Agnieszka Haupe developed board and other games and participated in the games fair in Göttingen. From 1996 to 2005 she lived in Leipzig/Germany and Zielona Góra/Poland, studied 2005/2006 German studies at the University of Zielona Góra and has lived in County Kerry/Ireland since of 2006. Her texts have been translated into English and German.

== Works ==
- Krajobrazy czułego dotyku / The Landscapes of tender touch. Poetry. Organon, Zielona Góra 2010, ISBN 978-83-87294-60-1 (Polish – English).
- Skrzydła wiatru. Poetry. Poddasze Poetów, Zielona Góra 1999, ISBN 83-88059-40-8.
- Pradawne Pieśni. Prose. ProLibris, Zielona Góra 2009, ISBN 978-83-88336-70-6.
- Żywe oczy wiersza / Augen des Gedichts, anthology, Polish-German, publisher Jolanta Pytel and Czesław Sobkowiak, Organon Zielona Góra 2001, ISBN 83-87294-25-X.

== Bibliography ==
- Danuta Piekarska: Buchhalter pisze wiersze. In: Gazeta Lubuska. 27./28. June 1998.

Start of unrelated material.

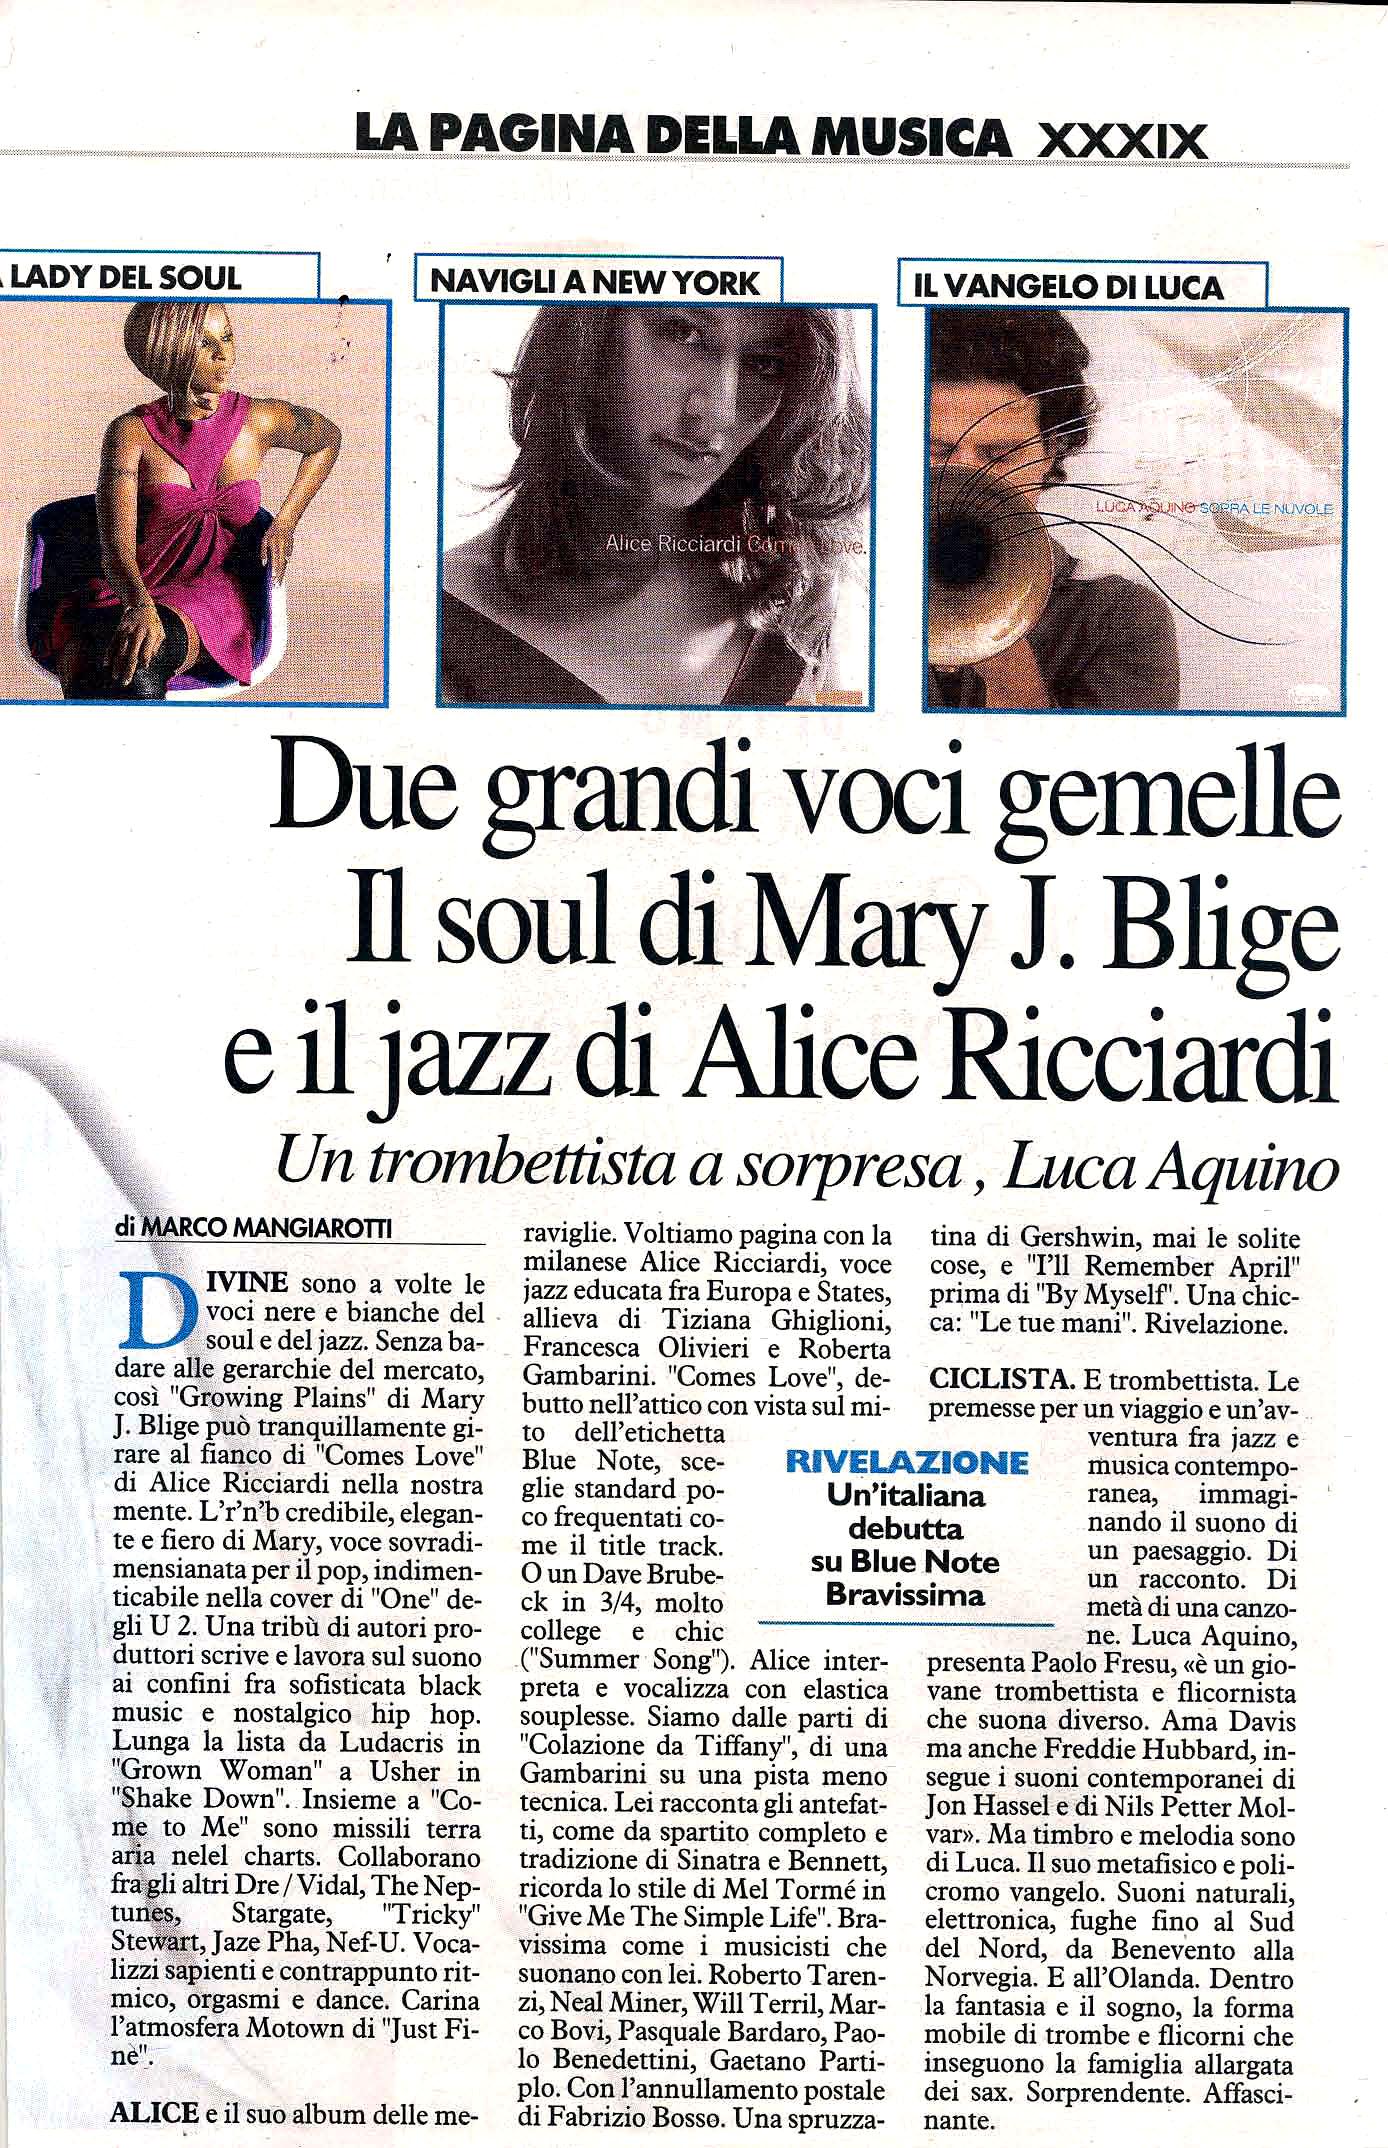 Il Giornale by M. Mangiarotti
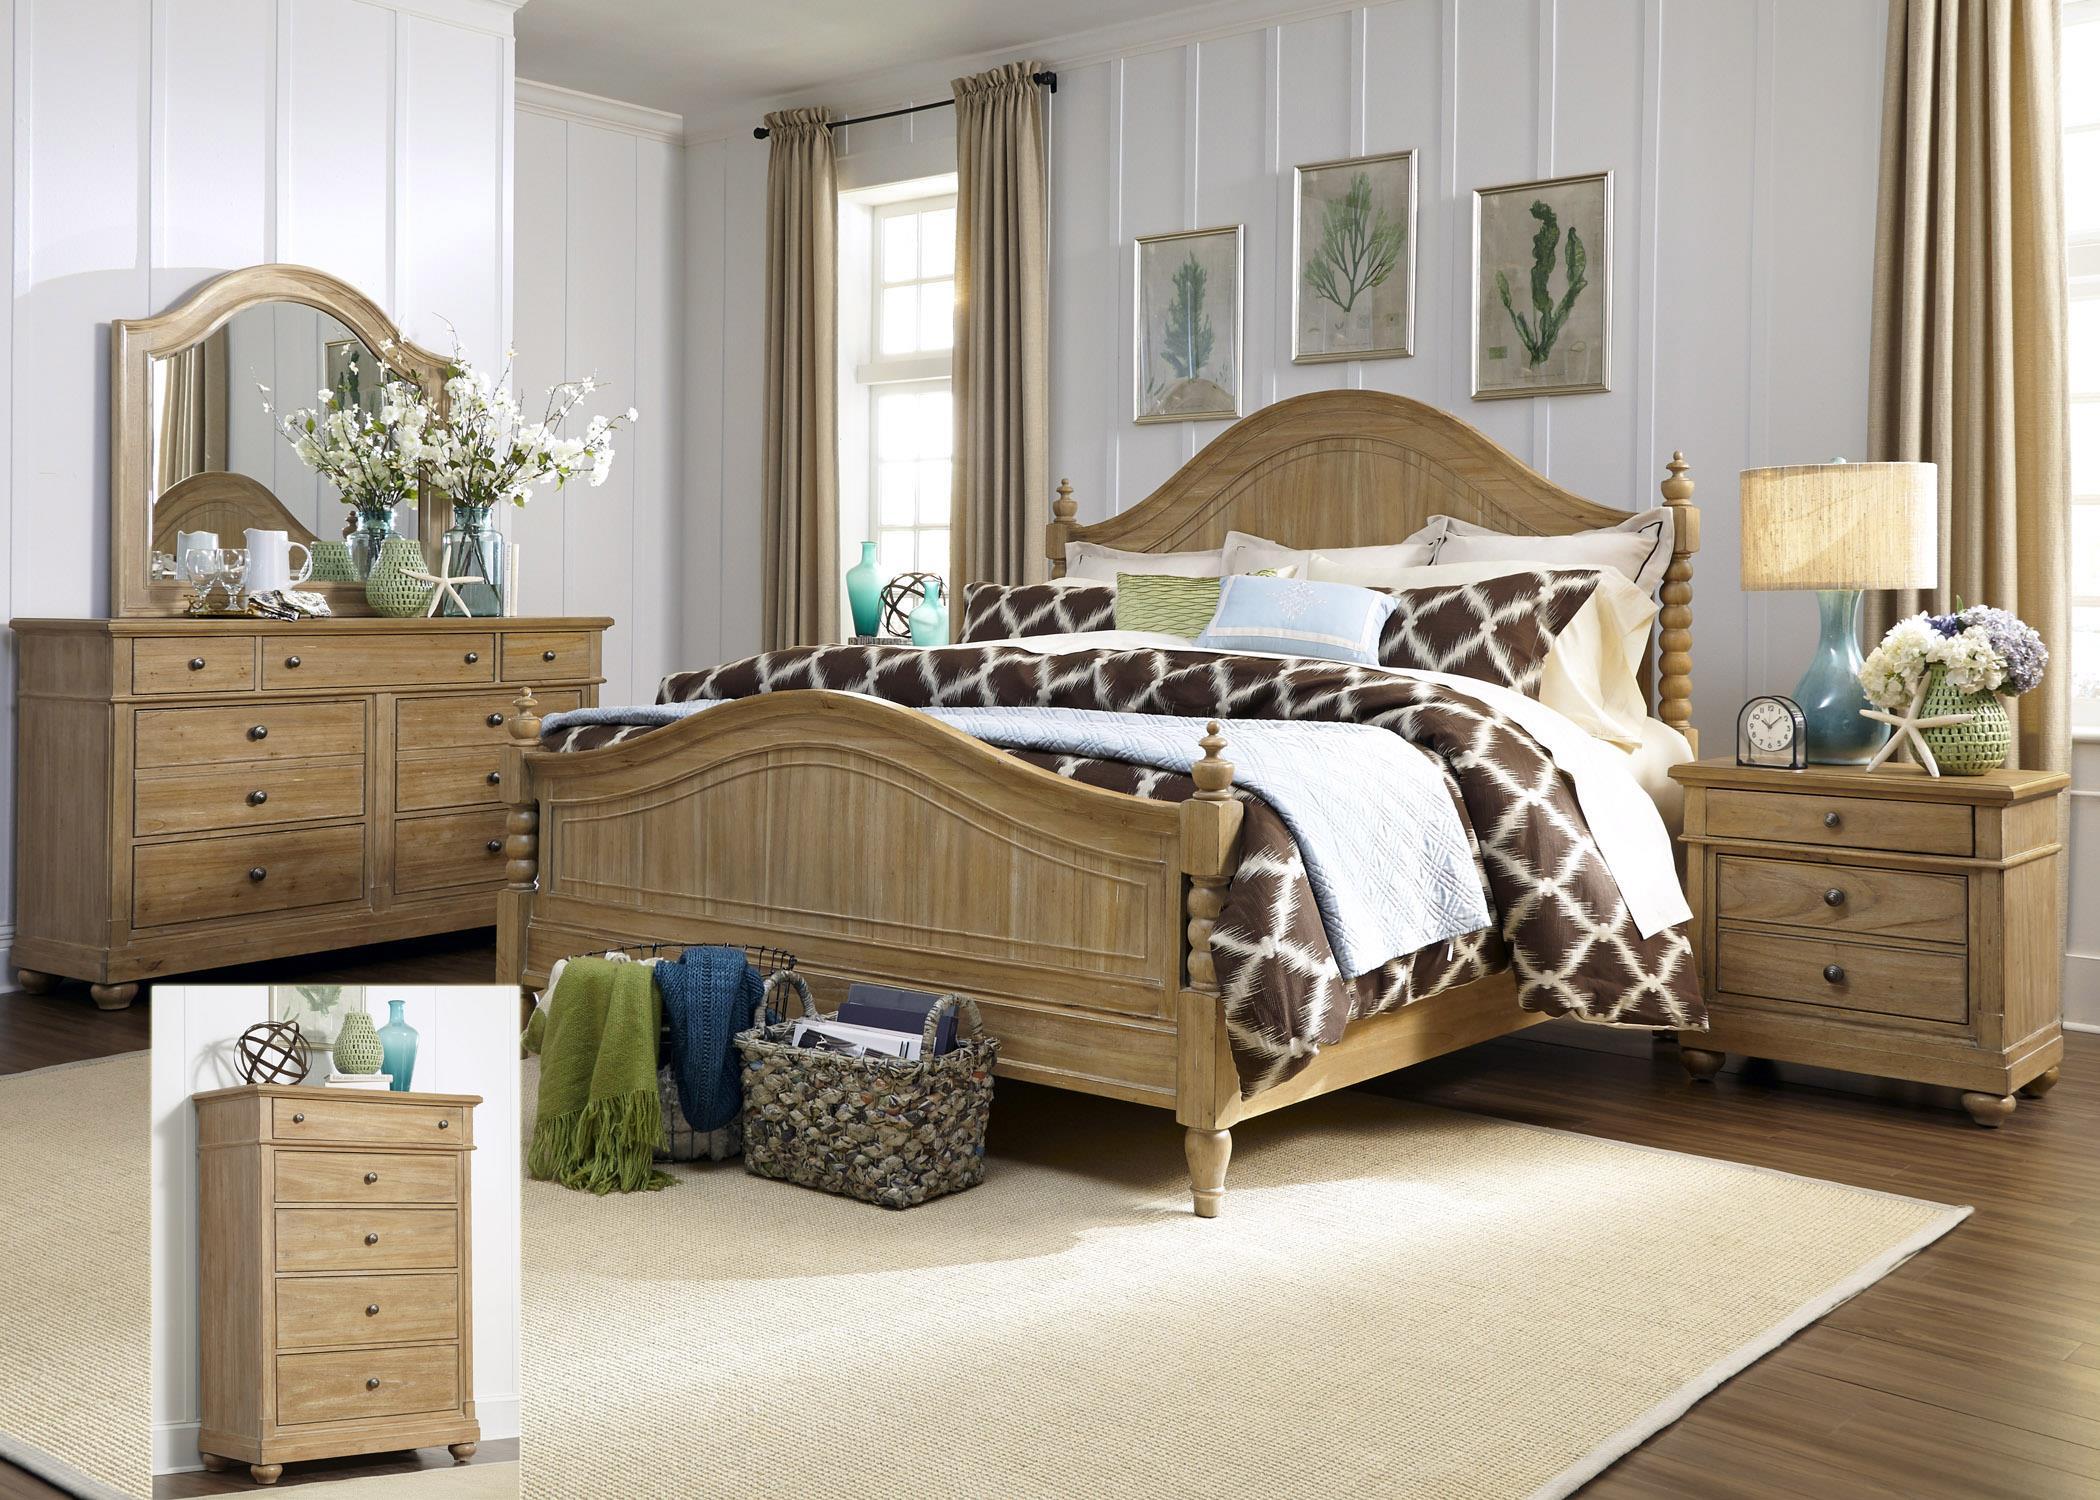 Liberty Furniture Harbor View Queen Bedroom Group - Item Number: 531-BR-QPSDMCN

- Bahaidzi z rzeki. In: Gazeta Lubuska. 14. September 1998.
- Rejs do Szczecina. In: Kurier Szczeciński. 17. September 1998.
- Marta Fox: Jak korek na fali ... In: Śląsk. Nr 11/13, 1996.
- Feuerlöscher und Hydrant, 3 1/2 fairy tales, with Dieter Kalka, Edition Beulenspiegel, AndreBuchverlag, Lengenfeld 2023, ISBN 978-3949143243.
- Afront, Oświęcim. Auschwitz. 13 wizyt, prose, translation by Agnieszka Haupe, Bukowno 2022.
- Bronisław Słomka: Błędni rycerze. In: Gazeta Lubuska. 2./3. November 1996.
- Katarzyna Jarosz-Rabiej: Statkiem Literackim. In: Gazeta Lubuska. Komunikaty Nr 6, 1996, S. 15.